Promotional text messaging, especially in the sports industry, is growing in popularity. More and more sports teams and advertisers are reaching sports fans through their mobile devices. As most companies know by now, the FCC rules implementing the Telephone Consumer Protection Act apply to promotional text marketing campaigns. And on January 26, 2015, a federal district court weighed in on FCC regulations that impact whether a consumer has consented to receive promotional text messages. The federal court applied FCC regulations that state that a consumer whose phone number is “captured” via a text message (or caller ID) is not considered to have given express consent to receive additional calls and texts.
As previous discussed here and here, the TCPA bars the improper use of an automatic telephone dialing system or ATDS. The TCPA prohibits businesses from using an ATDS to call or text people without their prior express consent.
In Phillips v. Mozes, Inc., No. 2:12-cv-4033 (N.D. Ala. Jan. 26, 2015), the plaintiff claimed that he responded to a scoreboard announcement during a 2011 football game between the University of Alabama and Louisiana State University instructing fans to cast a vote for the school they support. He then received an unsolicited message (text #1) that included a Coke Zero ad and asked him to provide his date of birth so he could enter a contest and join the “Coke Zero mobile list.”
The plaintiff never responded to this request, but received a second unsolicited message urging him to continue to vote for his favorite team “to make sure they win” (text #2).
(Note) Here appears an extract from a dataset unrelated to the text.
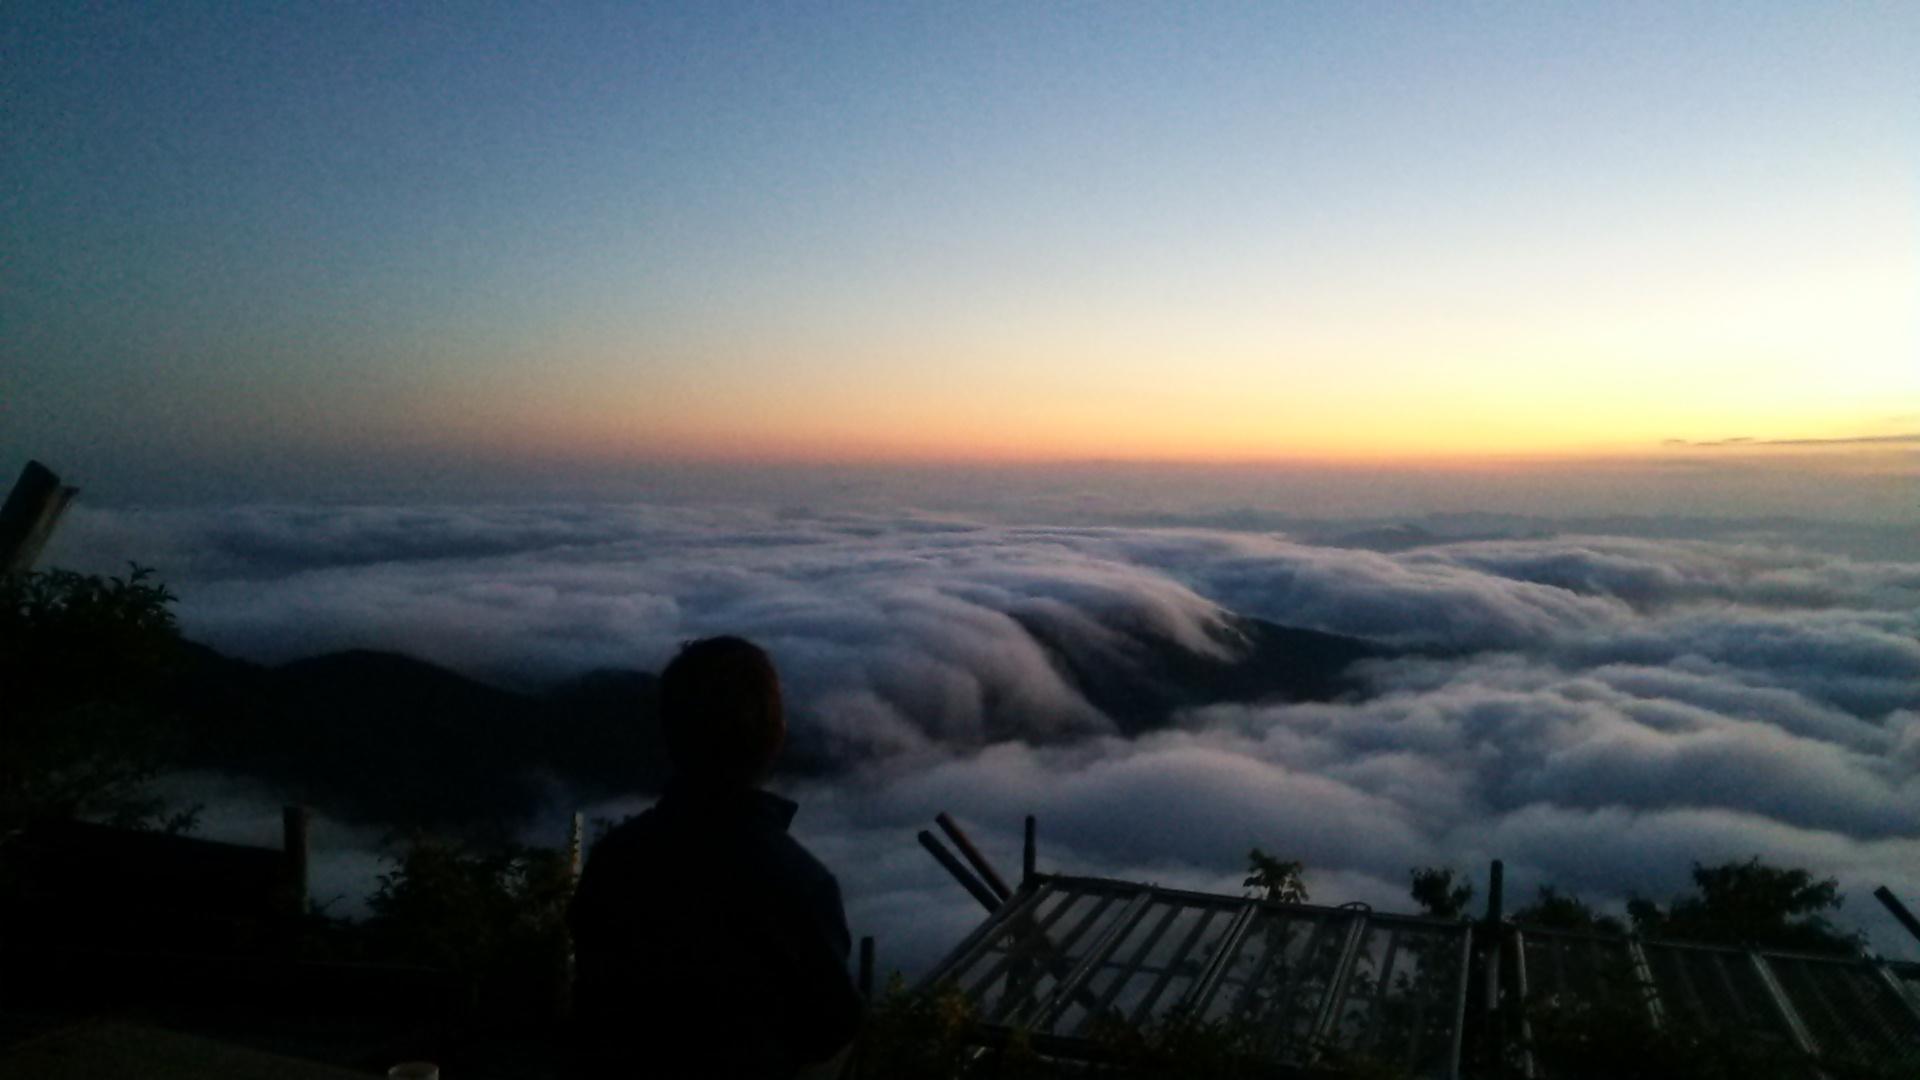 8月27日 朝の気温 11℃。どんどん気温が下がります。今朝は滝雲のおまけつき雲海。_c0089831_10373060.jpg

He responded by voting for Alabama again, and then received the Coke Zero ad again with the request to provide his date of birth (text #3). Ultimately, the plaintiff received a total of five unsolicited text messages during the game. Importantly, he did not claim any violation of the TCPA with respect to text messages he received from the defendants after he transmitted his date of birth to enter the contest for an autographed football.
The plaintiff alleged a violation of TCPA § 227(b)(1)(A), which governs the transmission of calls or texts using an ATDS. At a hearing on the motion to dismiss, the parties stipulated that there were only two text messages at issue (texts #1 and #3). The two messages were the texts sent to the fan in response to his “votes” for Alabama, which stated “Reply with your DOB (MMDDYYY) to enter the contest for an Autographed Football. . . .”
Defendants Coca-Cola and their marketing company moved to dismiss the claims and argued that the plaintiff expressly consented to receive these texts when he “voted” for Alabama to win. The court did not buy the argument at this early stage of the case.
With respect to “prior express consent,” the court noted that FCC regulations, often cited by courts, state that “persons who knowingly release their phone numbers have in effect given their invitation or permission to be called at the number which they have given, absent instructions to the contrary.” But the regulations also state that “if a caller’s number is ‘captured’ by a Caller ID and ANI device . . . , the caller cannot be considered to have given an invitation or permission” to receive calls or texts. In re Rules & Regs. Implementing Tel. Consumer Prot. Act of 1991, 7 FCC Rcd. 8752, 8769 ¶ 31 (Oct. 16, 1992) (emphasis added).
The court held that because the fan’s text messages that voted for Alabama did not contain his telephone number in the body of the message, the complaint plausibly alleged that the fan’s number was “captured.” And because “capturing” cannot be considered express consent to receive unsolicited texts under the TCPA, the court allowed the claims against Coca-Cola to go forward.